Filed pursuant to Rule 424(b)(3)
Registration No. 333-255418
PROSPECTUS
3,243,875 Shares of Common Stock
Offered by the Selling Stockholders
This prospectus relates to the resale from time to time of up to 3,243,875 shares of common stock of NeuroBo Pharmaceuticals, Inc. by the Selling Stockholders listed on page 9 (the “Selling Stockholders”), including their pledgees, assignees, donees, transferees or their respective successors-in-interest. The Selling Stockholders acquired these shares from us pursuant to an Agreement and Plan of Merger, dated as of December 31, 2020 (the “Merger Agreement”), by and among us, ANA Therapeutics, Inc., a Delaware corporation (“ANA”), Shelby Merger Sub 1, Inc., a Delaware corporation, Shelby Merger Sub 2, LLC, a Delaware limited liability company, and Akash Bakshi, solely in his capacity as representative of the securityholders of ANA. We will not receive any proceeds from the sale of the shares by the Selling Stockholders pursuant to this prospectus.

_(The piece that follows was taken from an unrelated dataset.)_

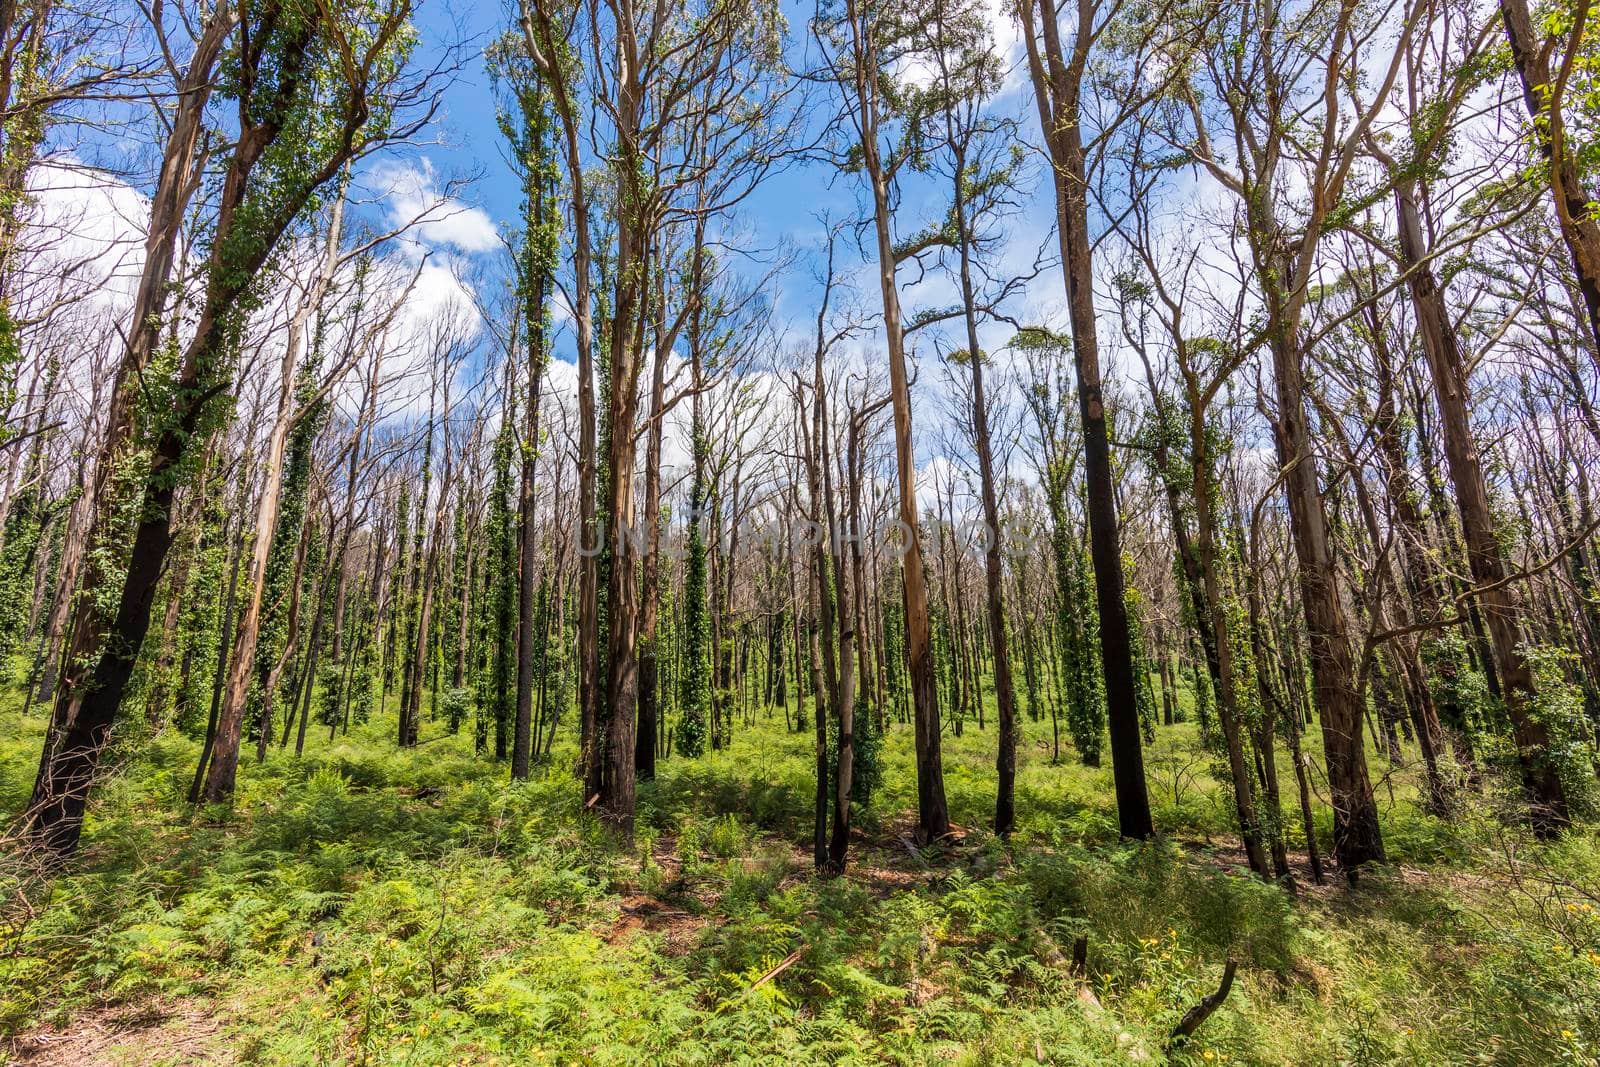 Forest regeneration after bushfire in Kanangra-Boyd National Park in regional Australia by WittkePhotos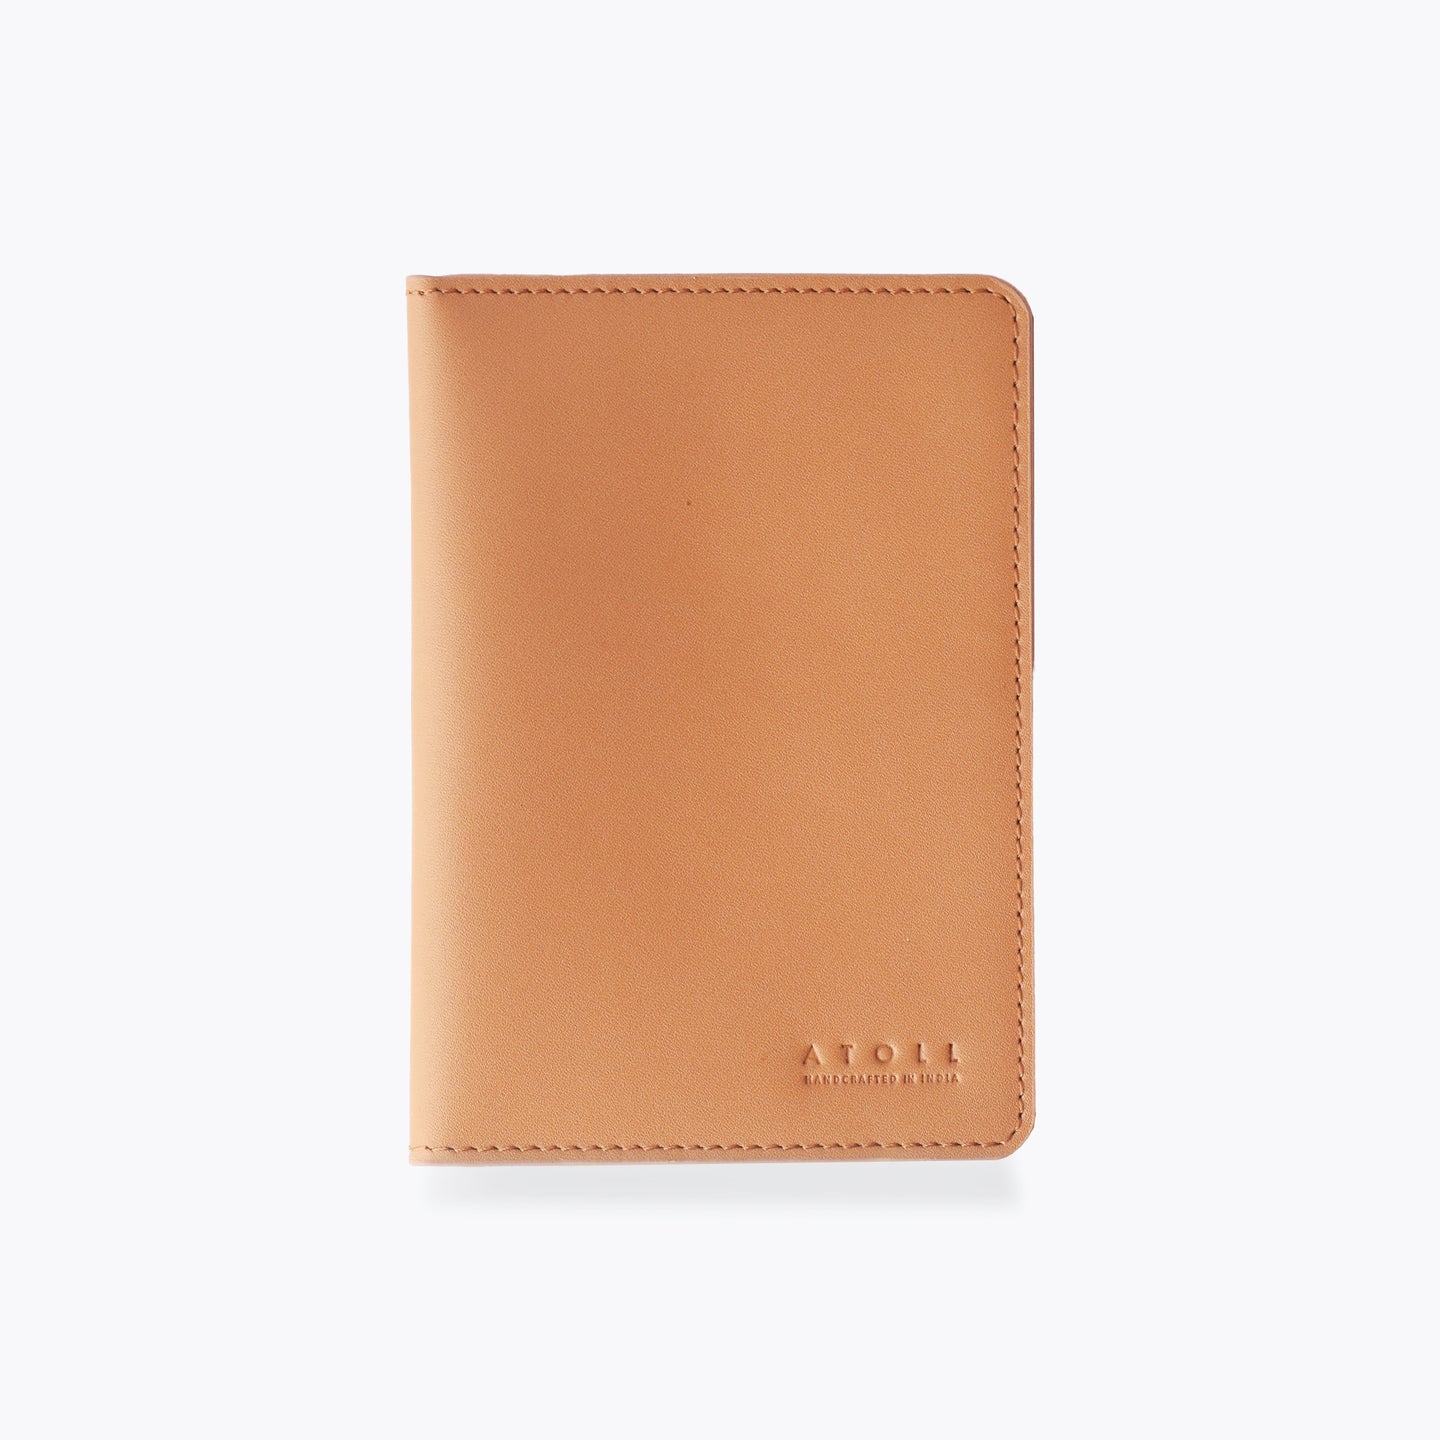 Utah - Tan Leather Passport Sleeve with Sim card Slot

We have agreed, pursuant to the Merger Agreement, to bear all of the expenses incurred in connection with the registration of these shares. The Selling Stockholders will pay or assume discounts, commissions, fees of underwriters, selling brokers or dealer managers and similar expenses, if any, incurred for the sale of these shares of our common stock.
The Selling Stockholders identified in this prospectus, or their pledgees, assignees, donees, transferees or their respective successors-in-interest, may offer the shares from time to time on terms to be determined at the time of sale through ordinary brokerage transactions or through any other means described in this prospectus under the caption “Plan of Distribution.” The shares may be sold at fixed prices, at prevailing market prices, at prices related to prevailing market prices or at negotiated prices. For a list of the Selling Stockholders, see the section entitled “Selling Stockholders” on page 9.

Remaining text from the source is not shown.